Jurisdiction; concurrence of jurisdiction and hierarchy of courts. To be sure, the Court, the Court of Appeals and the Regional Trial Courts have concurrent jurisdiction to issue a writ of certiorari. Such concurrence of jurisdiction, however, does not give a party unbridled freedom to choose the venue of his action lest he run afoul of the doctrine of hierarchy of courts. Instead, a becoming regard for judicial hierarchy dictates that petitions for the issuance of writs of certiorari against first level courts should be filed with the Regional Trial Court, and those against the latter, with the Court of Appeals, before resort may be had before the Supreme Court. A.L. Ang Network, Inc. v. Emma Mondejar, accompanied by her husband, Efren Mondejar,G.R. No. 200804. January 22, 2014.

Jurisdiction; Justiciable question; definition. The Court clarified, too, that the issue of whether a Deputy Ombudsman may be subjected to the administrative disciplinary jurisdiction of the President (concurrently with that of the Ombudsman) is a justiciable – not a political – question. A justiciable question is one which is inherently susceptible of being decided on grounds recognized by law, as where the court finds that there are constitutionally-imposed limits on the exercise of the powers conferred on a political branch of the government. Emilio A. Gonzales III v. Office of the President, etc., et al./Wendell Bareras-Sulit v. Atty. Paquito N. Ochoa, Jr., et al.,G.R. No. 196231/G.R. No. 196232, January 28, 2014.

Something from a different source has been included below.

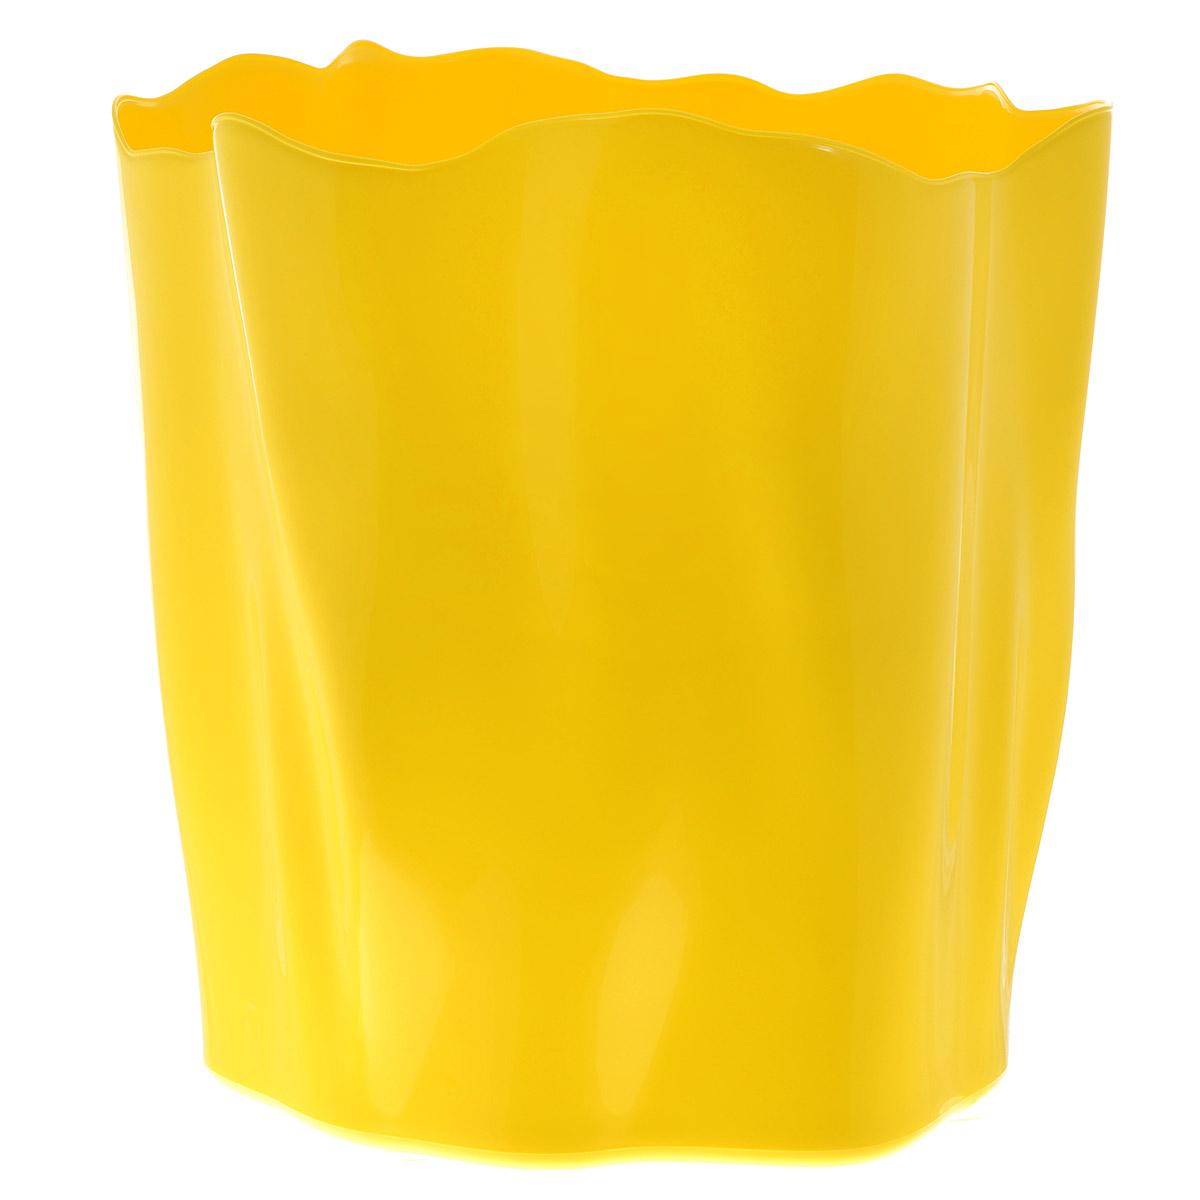 Органайзер Qualy Flow, большой, цвет: желтый, диаметр 27 смQL10141-YWОрганайзер Qualy Flow может пригодиться на кухне, в ванной, в гостиной, на даче, на природе, в городе, в деревне. В него можно складывать фрукты, овощи, хлеб, кухонные приборы и аксессуары, всевозможные баночки, можно использовать органайзер как мусорную корзину, вазу. Все зависит от вашей фантазии и от хозяйственных потребностей! Пластиковый оригинальный органайзер пригодится везде! Диаметр: 27 см. Высота стенки: 28 см.
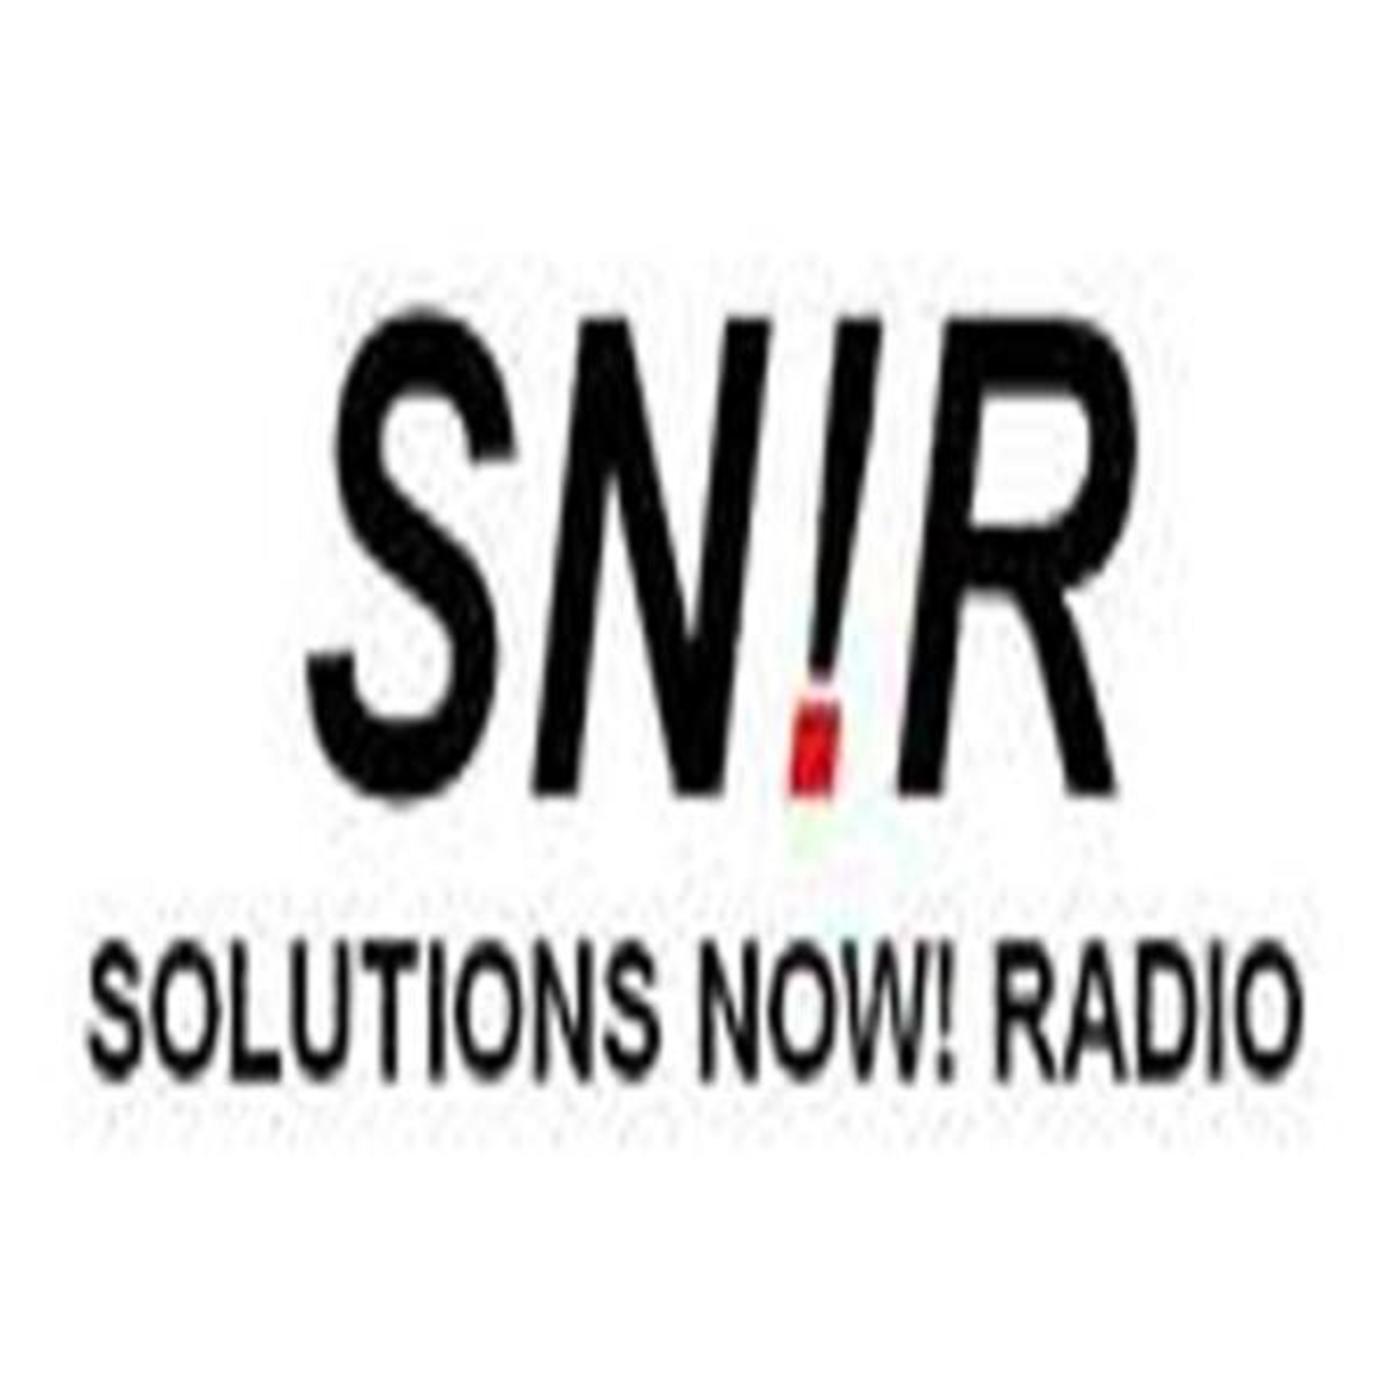 Solutions Now! Radio

Jurisdiction; Small Claims cases. Hence, considering that small claims cases are exclusively within the jurisdiction of the Metropolitan Trial Courts, Municipal Trial Courts in Cities, Municipal Trial Courts, and Municipal Circuit Trial Courts, certiorari petitions assailing its dispositions should be filed before their corresponding Regional Trial Courts. This petitioner complied with when it instituted its petition for certiorari before the RTC which, as previously mentioned, has jurisdiction over the same. A.L. Ang Network, Inc. v. Emma Mondejar, accompanied by her husband, Efren Mondejar,G.R. No. 200804. January 22, 2014.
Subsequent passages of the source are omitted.